A man was employed for four months as a teacher at a Kirklees school before it emerged he was not fully qualified and had lied about a previous conviction.

Christopher Lafferty, 26, applied for a position in the maths department at Park Road Junior and Infants School in Batley after seeing an advert and was interviewed from a shortlist.

Robert Galley prosecuting told Leeds Crown Court yesterday Lafferty impressed at the interview on May 20 last year and was offered a temporary contract.

As part of the application he had included a disclosure statement regarding criminal convictions which stated he had been fined by a judge in Derbyshire after he and a business partner were investigated by Revenue and Customs over a document that proved fraudulent.

Mr Galley said that was not the truth Lafferty had been given a suspended jail sentence in 2012 after an earlier offence of fraud where he gained employment at a home for persons with dementia in Hampshire.

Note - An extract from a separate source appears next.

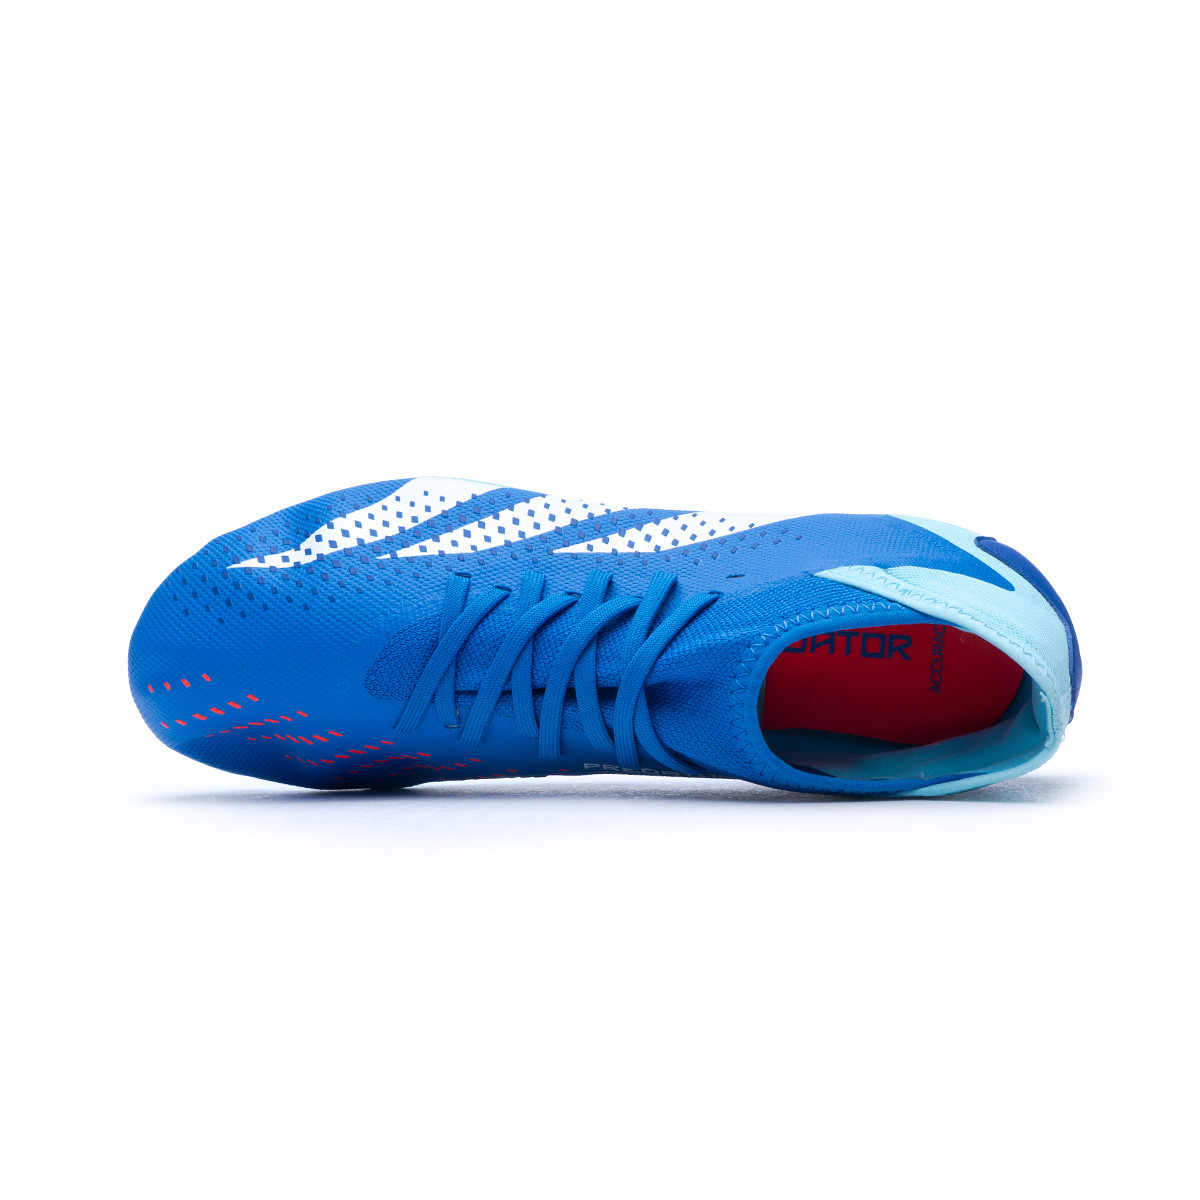 adidas Emotion Predator white-Bliss Bright Boots blue royal-Ftwr Fútbol Accuracy.3 FG - Football

On that occasion he falsely claimed to have obtained a degree in adult nursing from Huddersfield University in 2000 – a time when he was a schoolboy. In fact he had never attended that university.

Lafferty was already teaching at Batley when an officer at Kirklees Council making a Criminal Records Bureau check on his documents discovered something was wrong.

Inquiries then revealed that Lafferty was not a fully qualified teacher as he had claimed. He had completed teacher training but had not passed the final skills test which completed his qualification and had falsified that on his application.

By then he had been paid £6,900 net in his teaching position.

Angus MacDonald representing Lafferty said the offences were indicative of his vulnerability. “He clearly wants to impress and be liked and he tells outrageous lies in order to do so.”

He said that Lafferty was lacking in self worth but had done a good job as a teacher and other staff had not been concerned about his abilities before his actions came to light. He had also helped to raise £20,000 for Yorkshire Air Ambulance.

He had now been offered a job as a classical musician on a cruise liner but if given the opportunity to do punishment in the community that would have to put on hold.

Lafferty of Haigh Park Walk, Pontefract admitted fraud and was given 18 months in prison suspended for two years with 200 hours unpaid work and a 15 day activity requirement.

He was sentenced to six weeks in prison from the previously suspended sentence but Recorder Dean Kershaw said he had already served that while on remand so would be immediately released.

He said Lafferty had told a “web of lies” but teachers at the school thought he was doing a good job and he accepted he was just trying to rebuild his life.